** PROBLEM TO SOLVE **
Reproduce the listing below from the line with "Timbre chileno en pasaporte" to the line with "江蘇省の白地図データのサムネイル画像", both lines included, character for character, minus any pictures.

** SUPPLIED INFORMATION **

Content starts

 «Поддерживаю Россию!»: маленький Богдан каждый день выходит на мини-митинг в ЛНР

Content ends
Content starts

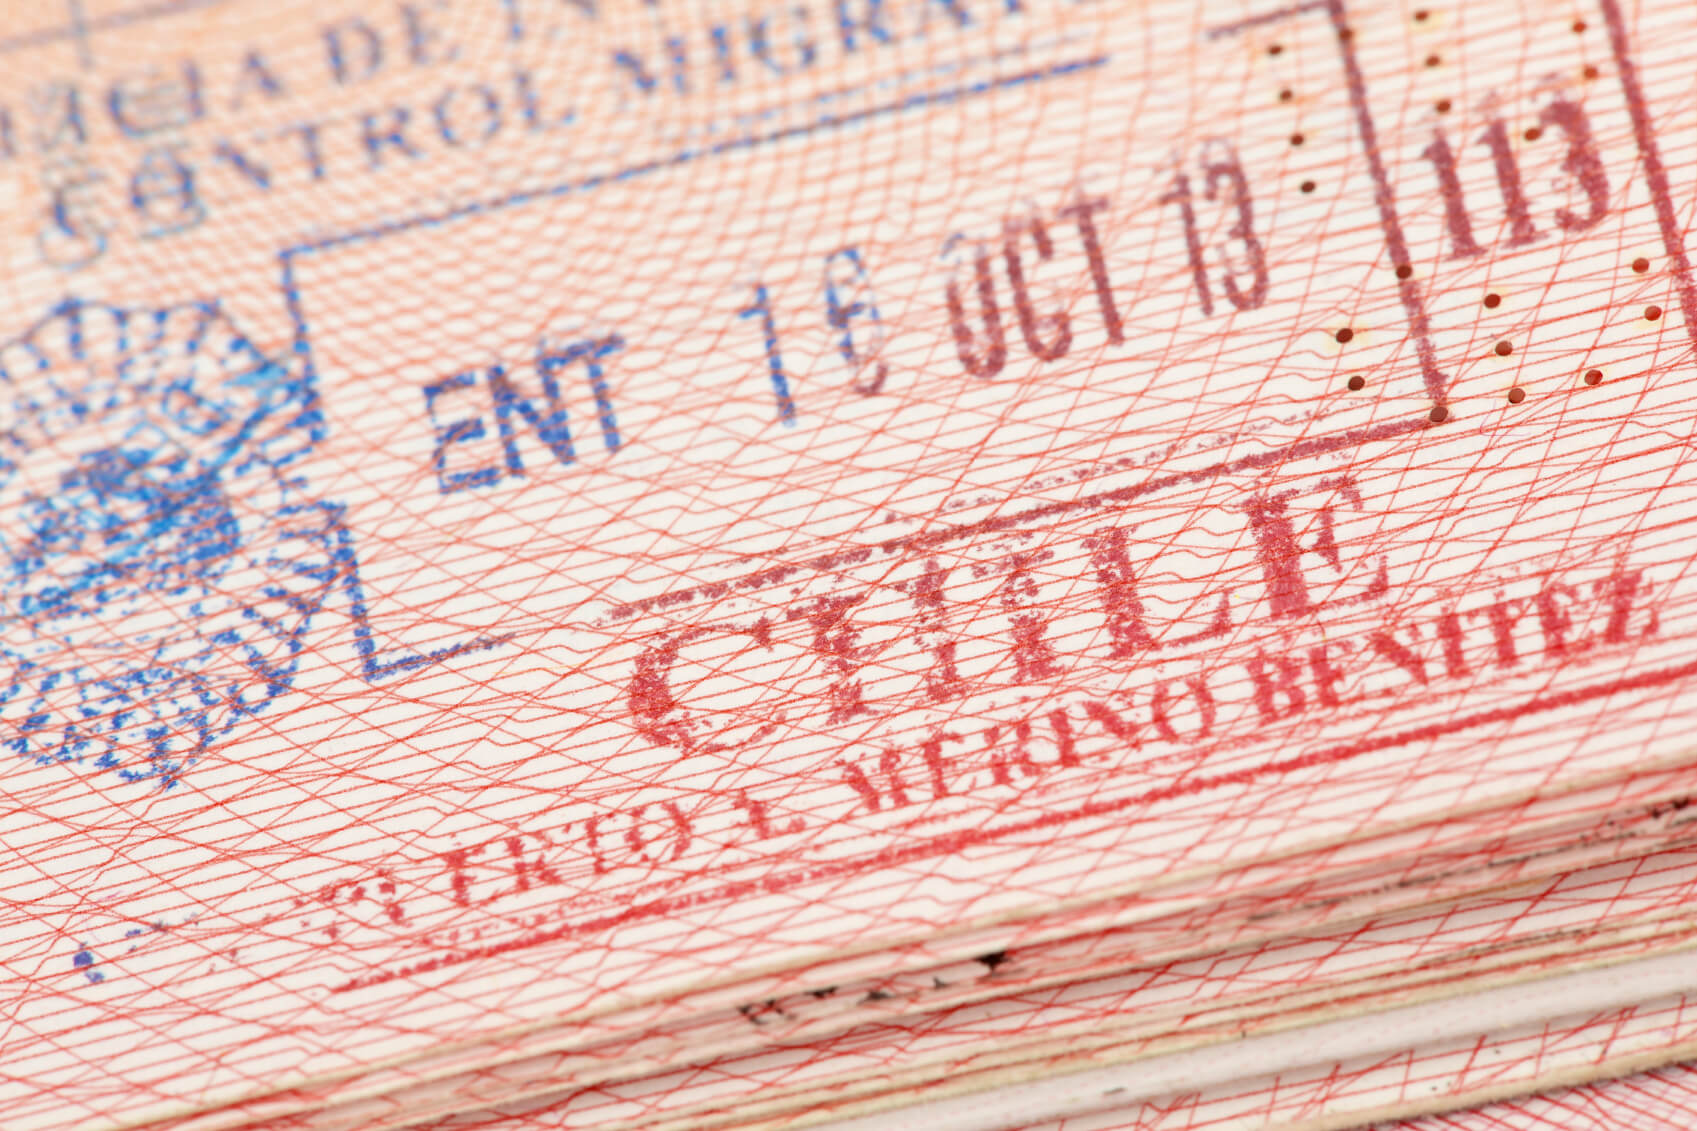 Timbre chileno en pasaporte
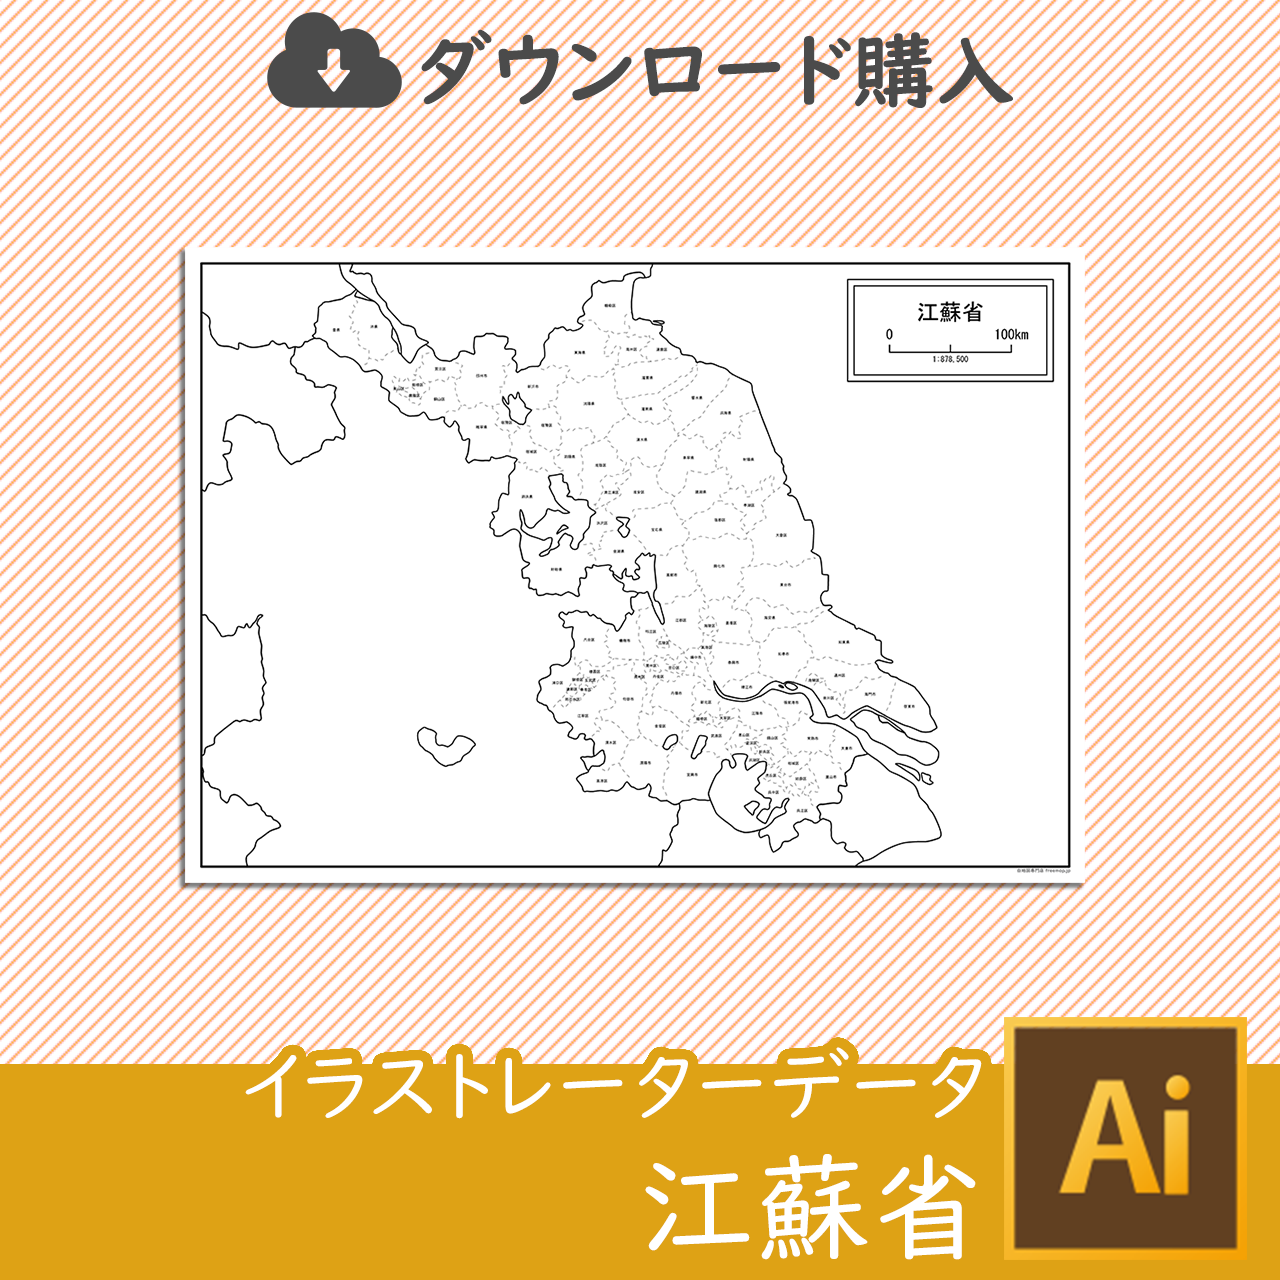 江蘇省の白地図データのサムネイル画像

Content ends

** SOLUTION FOR THIS PROBLEM **
 Timbre chileno en pasaporte
 江蘇省の白地図データのサムネイル画像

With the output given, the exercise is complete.